The expression (.*\w+) will match up to the last word character in the line. What you are looking for is most likely this ([0-9a-z:]+)
Guessing from your comment in reply to ikegami, maybe the following will give results you want.
#!/usr/bin/perl
use strict;
use warnings;
my #keys = qw/ rw ro root /;
my $wanted = join "|", #keys;
my %data;
while (<DATA>) {
my ($path, $param) = split;
my ($vol, $q) = (split '/', $path)[2,3];
my %tmp = map {split /=/} grep /^(?:$wanted)/, split /,/, $param;
$data{$vol}{$q // ' '} = \%tmp;
}
use Data::Dumper; print Dumper \%data;
__DATA__
/vol/vol1 -sec=sys,rw=h1:h2,anon=0
/vol/vol1/q1 -sec=sys,rw=h3:h4,anon=0,ro=h1:h2
/vol/vol2/q1 -sec=sys,root=host5,ro=h3:h5,rw=h1:h2,anon=0
The output from Data::Dumper is:
$VAR1 = {
'vol2' => {
'q1' => {
'ro' => 'h3:h5',
'root' => 'host5',
'rw' => 'h1:h2'
}
},
'vol1' => {
' ' => {
'rw' => 'h1:h2'
},
'q1' => {
'ro' => 'h1:h2',
'rw' => 'h3:h4'
}
}
};
Update: can you tell me what does (?:) mean in the grep?
(?: . . .) is a non-capturing group.

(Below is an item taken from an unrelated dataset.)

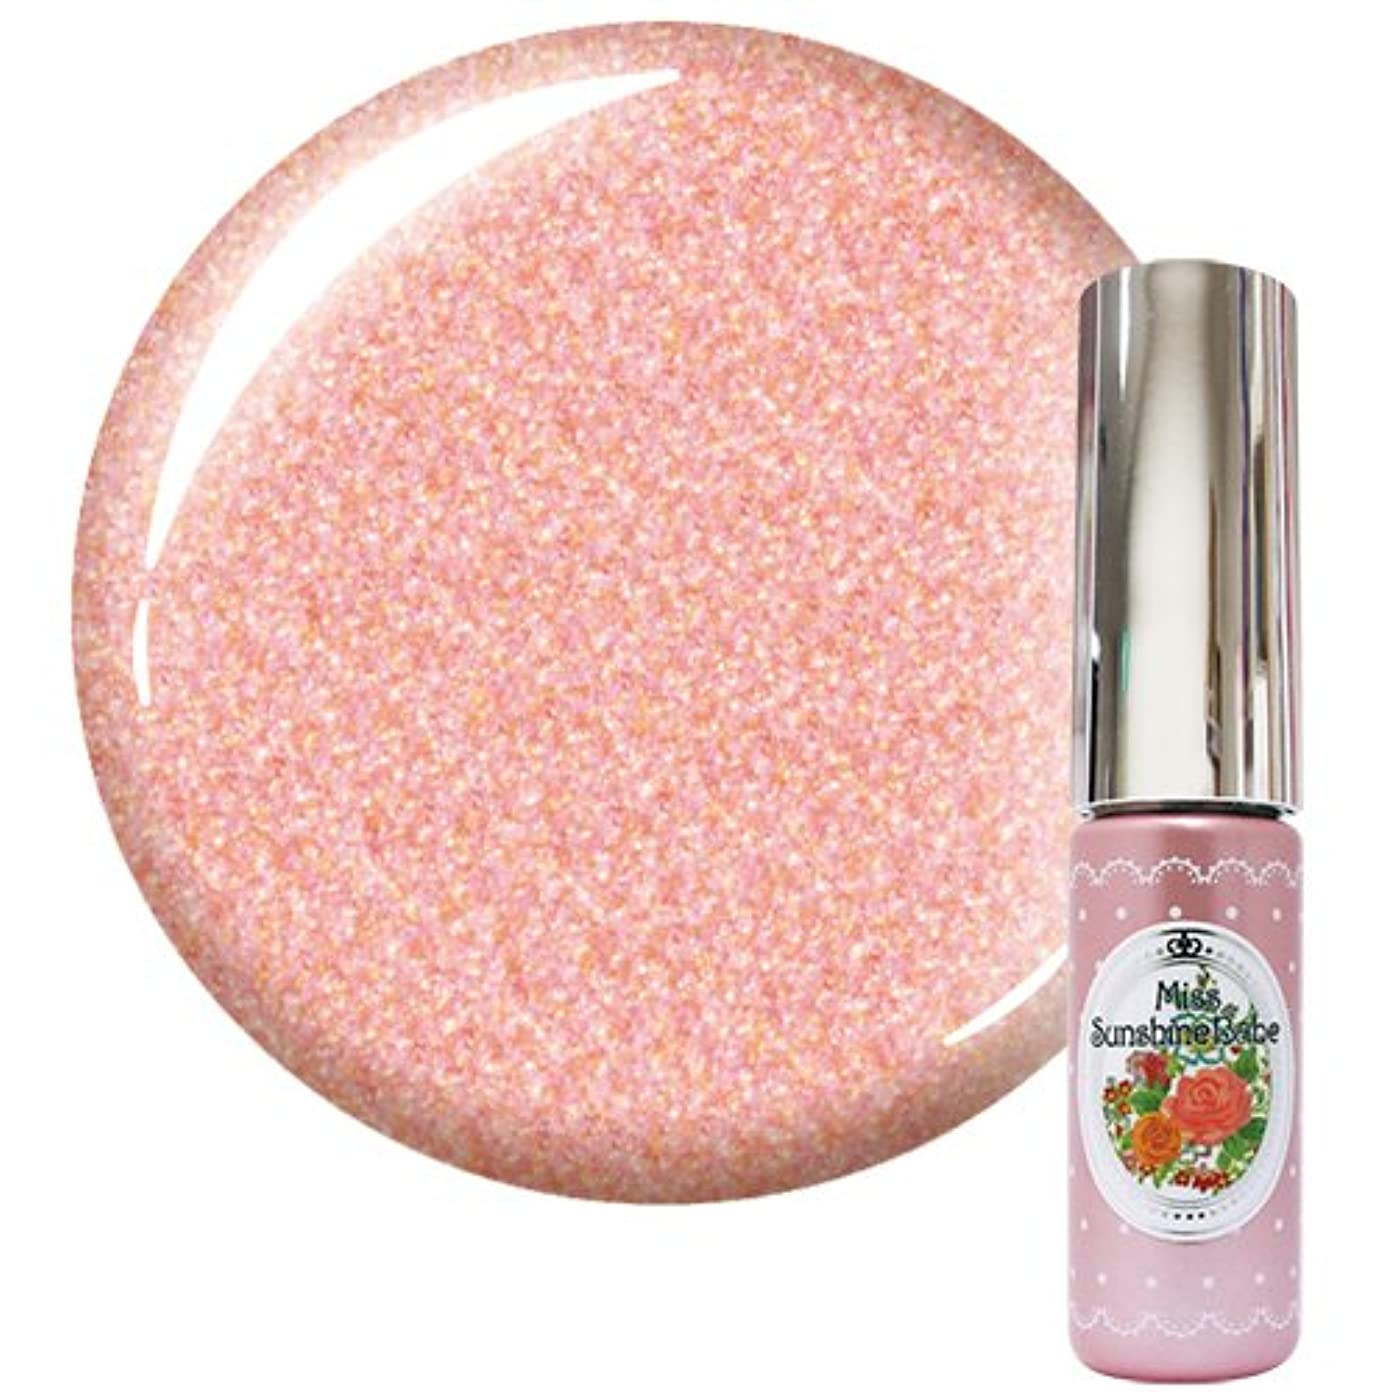 Miss SunshineBabe ミス サンシャインベビー カラージェル MC-23 5g コーラルピンク UV/LED対応

It is used in this case because the beginning of the regex has ^. Without grouping, the regex would attempt to match ro positioned at the beginning of the string or rw or root anywhere in the string (not just the beginning).
/^ro|rw|root/ rather than /^(?:ro|rw|root)/
The second expression helps the search along because it knows to only attempt a match at the beginning of the string for all 3 patterns and not to try to match anywhere in the string (speeds things up although in your case, there are only 3 alternating matches to attempt - so, wouldn't make a huge difference here). But, still a good practice to follow.
what does (// ' ') stand for?
That is the defined or operator. The expression $q // ' ' says to use $q for the key in the hash if it is defined or a space instead.
You said in your original post I'm trying to capture the second and third groups (if it is a space it should return a space).
$q can be undefined when the split, my ($vol, $q) = (split '/', $path)[2,3]; has only a vol and not a q such as in this data line (/vol/vol1 -sec=sys,rw=h1:h2,anon=0).
No idea what you want, but a regex would not make a good parser here.
while (<DATA>) {
my ($path, $opts) = split;
my %opts =
map { my ($k,$v) = split(/=/, $_, 2); $k=>$v }
split(/,/, $opts);
...
}
(my %opts = split(/[,=]/, $opts); might suffice.)